Fight disinformation: Sign up for the free Mother Jones Daily newsletter and follow the news that matters.


This week, delegations from 50 countries descended on the historic waterfront town of Annapolis, Maryland, for the belated resumption of U.S.-led Middle East peace talks. The conference was touted as a landmark occasion—the beginning of the end of the Israel-Palestine conflict. But for at least two parties, it wasn’t the feel-good event of the year. Both Iran and the Office of the Vice President were most likely left feeling isolated.

Iran, not present for the talks, must have felt stung that among those assembled at the U.S. Naval Academy was Syria. Tehran’s erstwhile ally in supporting Hezbollah and Hamas joined a broad alliance of countries—including Israel and a host of Sunni Arab nations—that Washington has been trying to cobble together to constrain the Iranian regime.
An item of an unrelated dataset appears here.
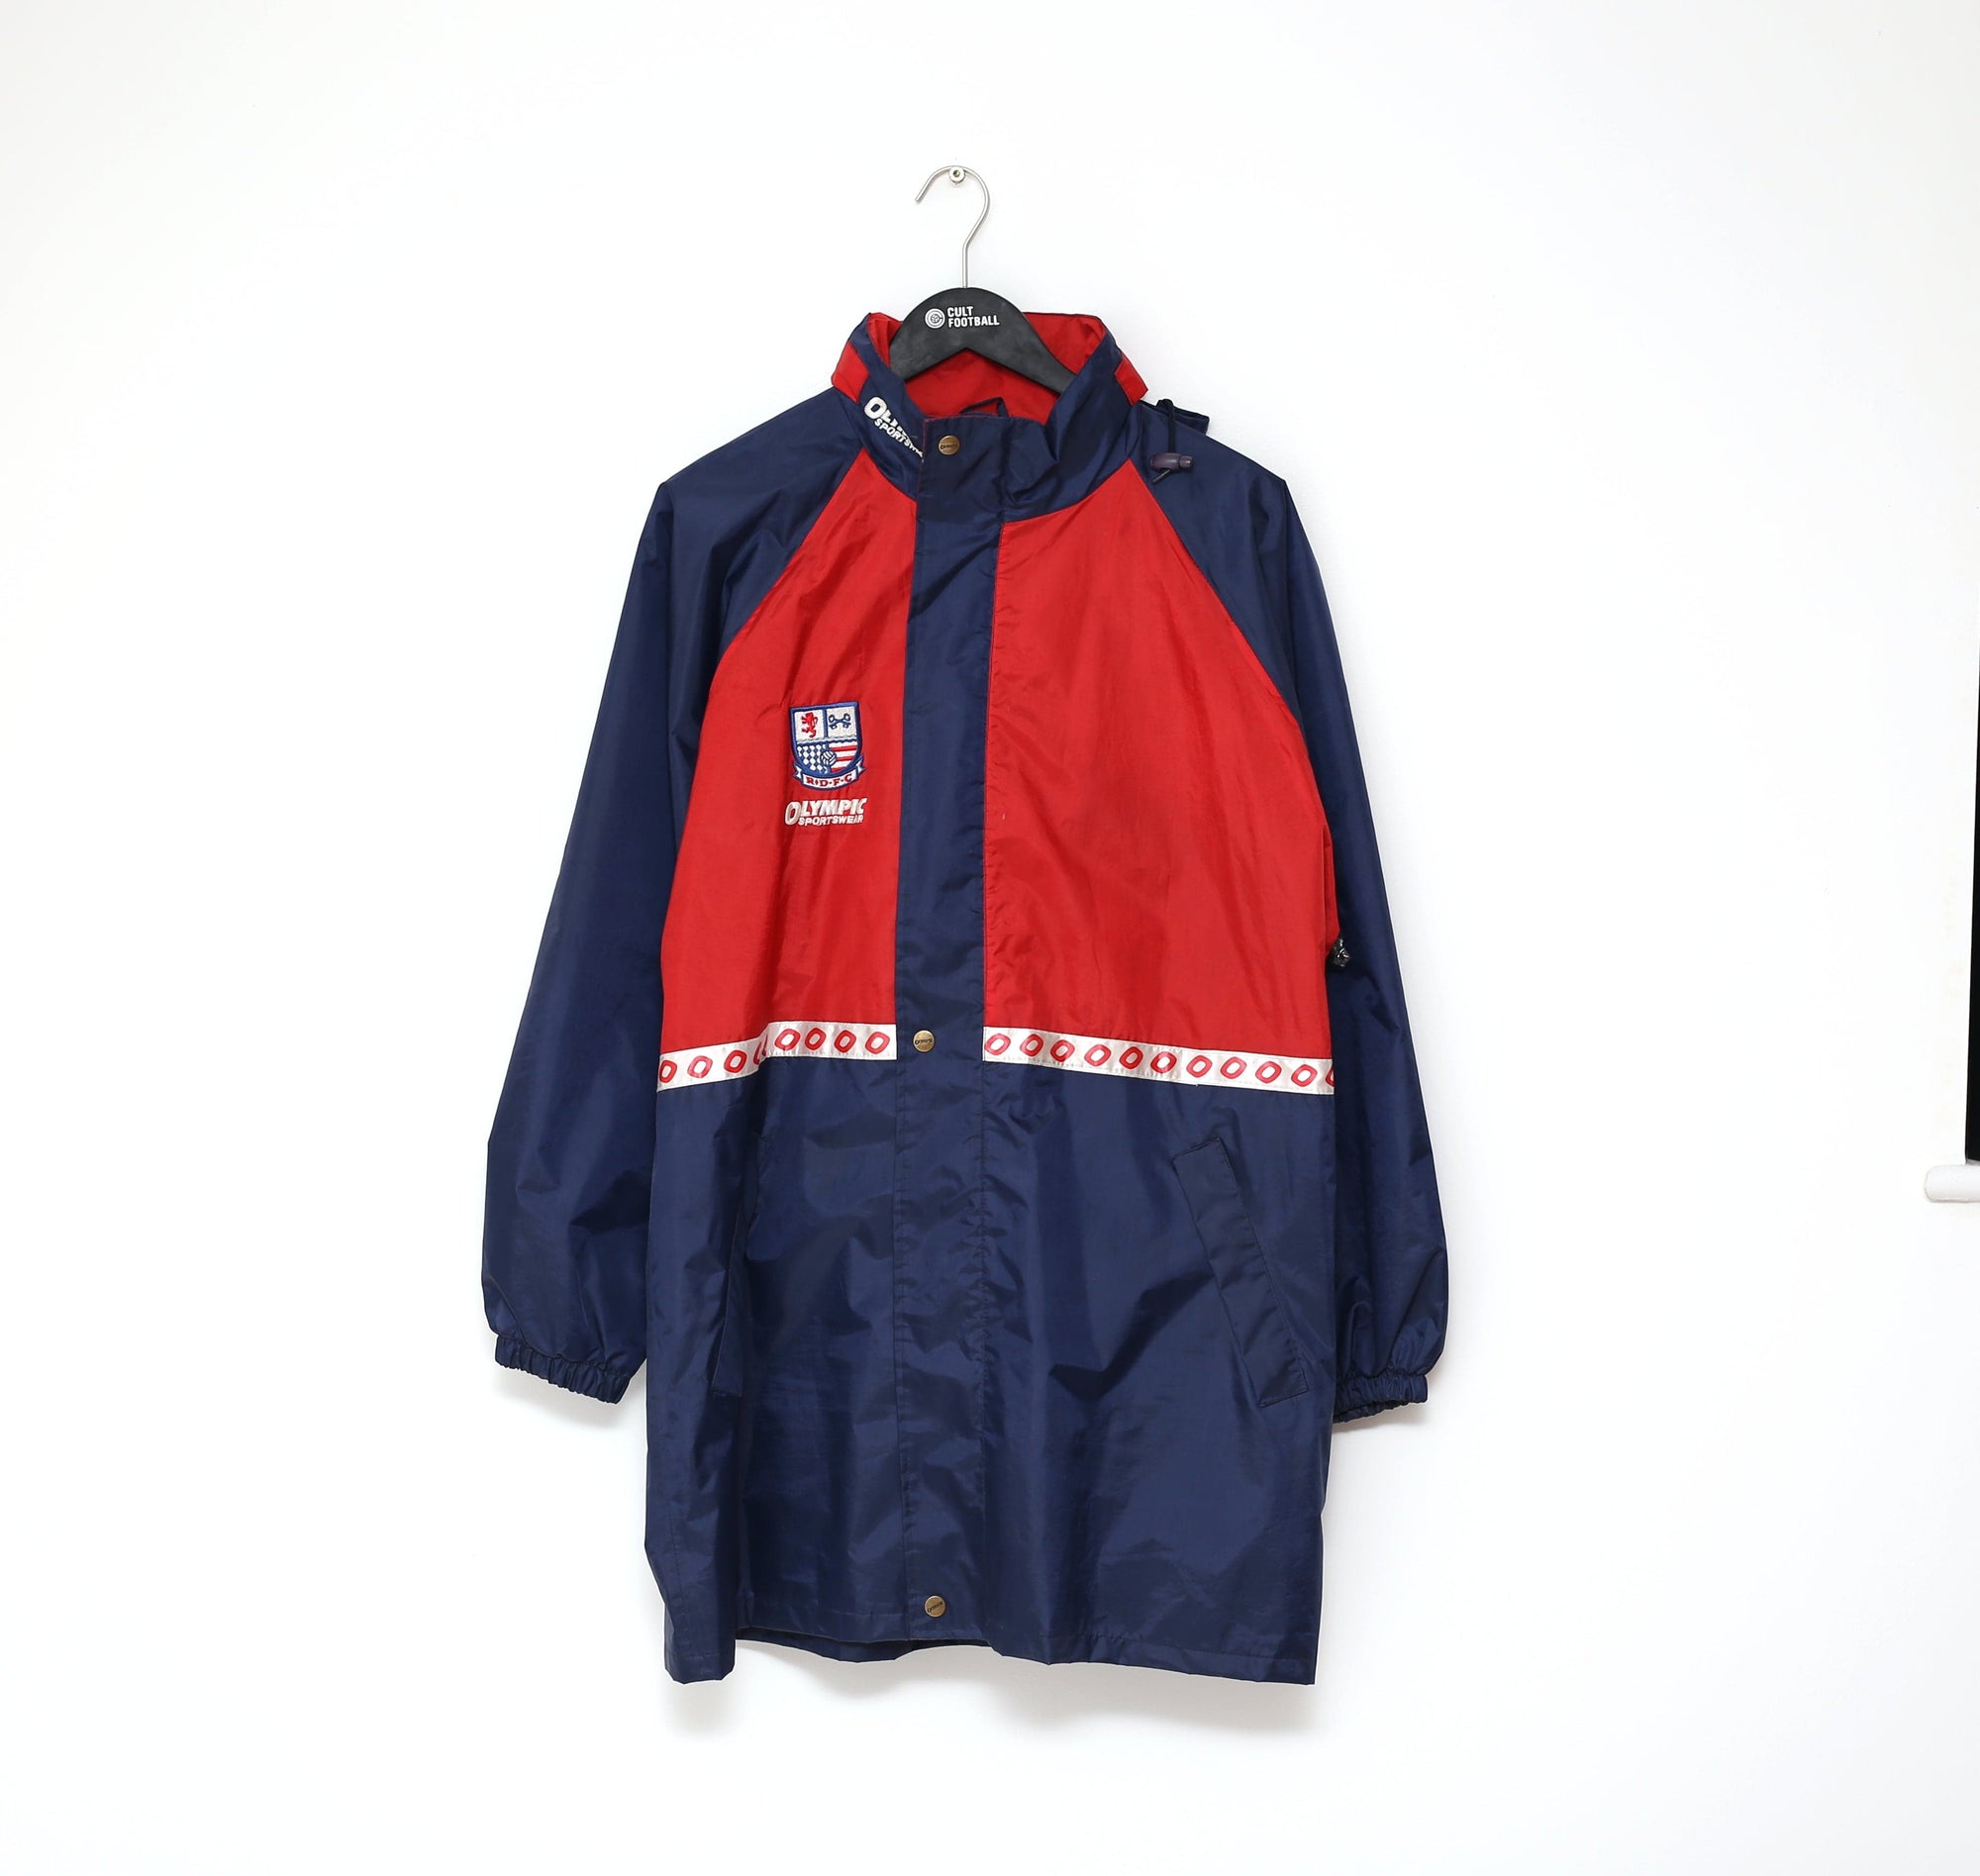 1997/98 RUSHDEN & DIAMONDS Vintage Olympic Football Rain Jacket Coat (S/M)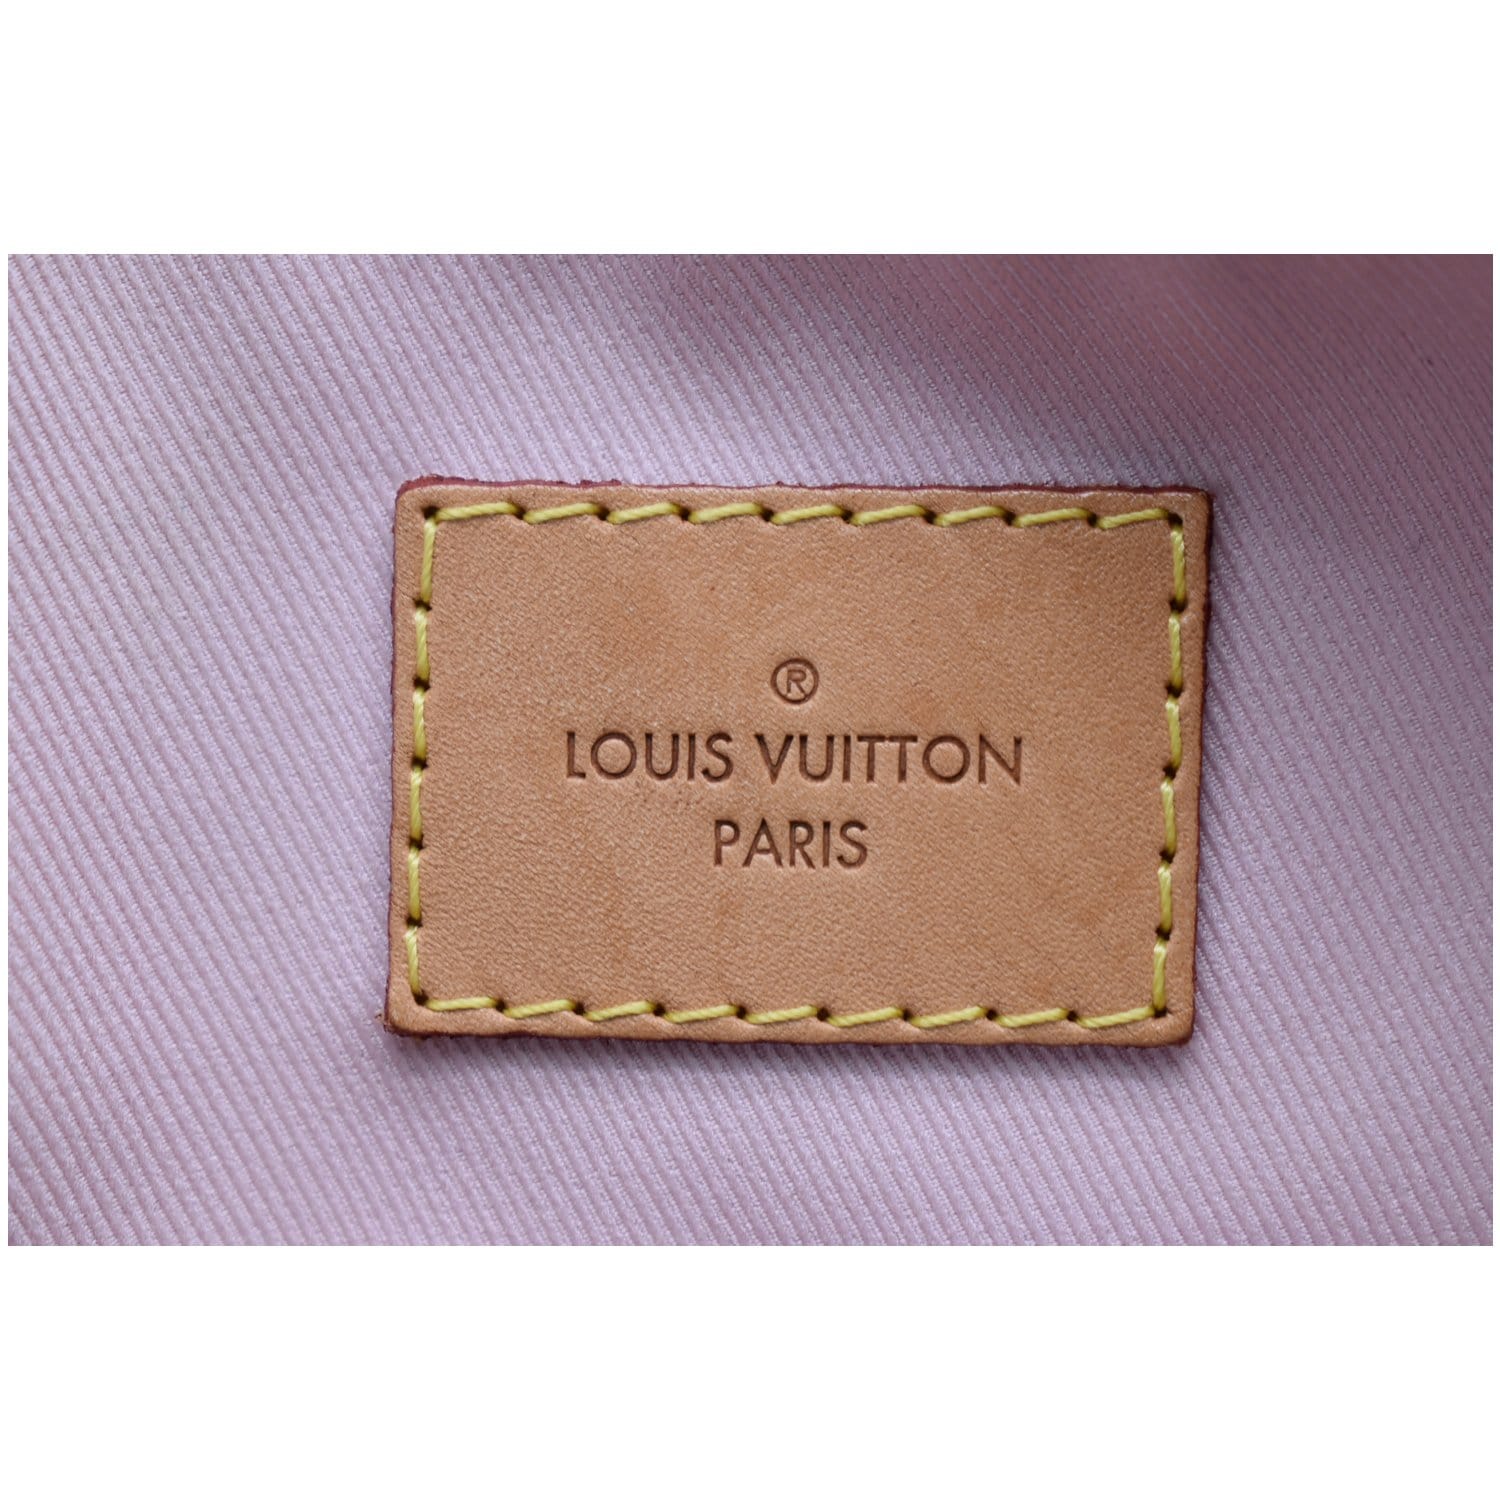 Louis Vuitton Lymington Bag, Bragmybag

Cheney’s office was no doubt displeased, since the peace talks are just the latest signal that in the twilight months of the Bush administration, national security policy now increasingly seems in the more pragmatic grip of Secretary of State Condoleezza Rice.

Speaking for hardliners opposed to the prospect of Israeli-Palestinian negotiations, Frank Gaffney Jr., president of the hawkish Center for Security Policy, wrote in the Washington Times that “despite official efforts to lowball its significance, Miss Rice’s conclave is shaping up to be a gang-rape of a nation on a scale not seen since Munich in 1938. This time, the intended victim is Israel. As with the effort to appease the Nazis and Fascists nearly 70 years ago, however, the damage will not be confined to the rapee. The interests of the Free World in general and the United States in particular will suffer from what the Saudis and most of the other attendees have in mind for the Jewish State—namely, its dismemberment and ultimate destruction.”

At a luncheon hosted by the Israel Project the week before the Annapolis conference kicked off, David Wurmser, until recently a senior Middle East advisor to Cheney, complained that “the secretary of state is wearing a hole out [of the atmosphere] traveling to Israel and to the neighbors to promote the Arab-Israeli peace track. And yet you don’t see signs of such frequent travel by an American official [at that level] to Beijing, Japan, and Seoul to deal with [the] North Korea [threat], or to Baghdad to ensure that goes right, and so we can confront Iran there, and regionally.”

Focusing on the Israel-Palestine issue at this point fuels “an inattentiveness to the major issues,” Wurmser continued, identifying current national security challenges that are “reaching the near acute stage” as North Korea, Iran, Syria, and Venezuela. But Wurmser, Gaffney, and other hawks are increasingly isolated, even among some of the activists opposed to the Iranian regime.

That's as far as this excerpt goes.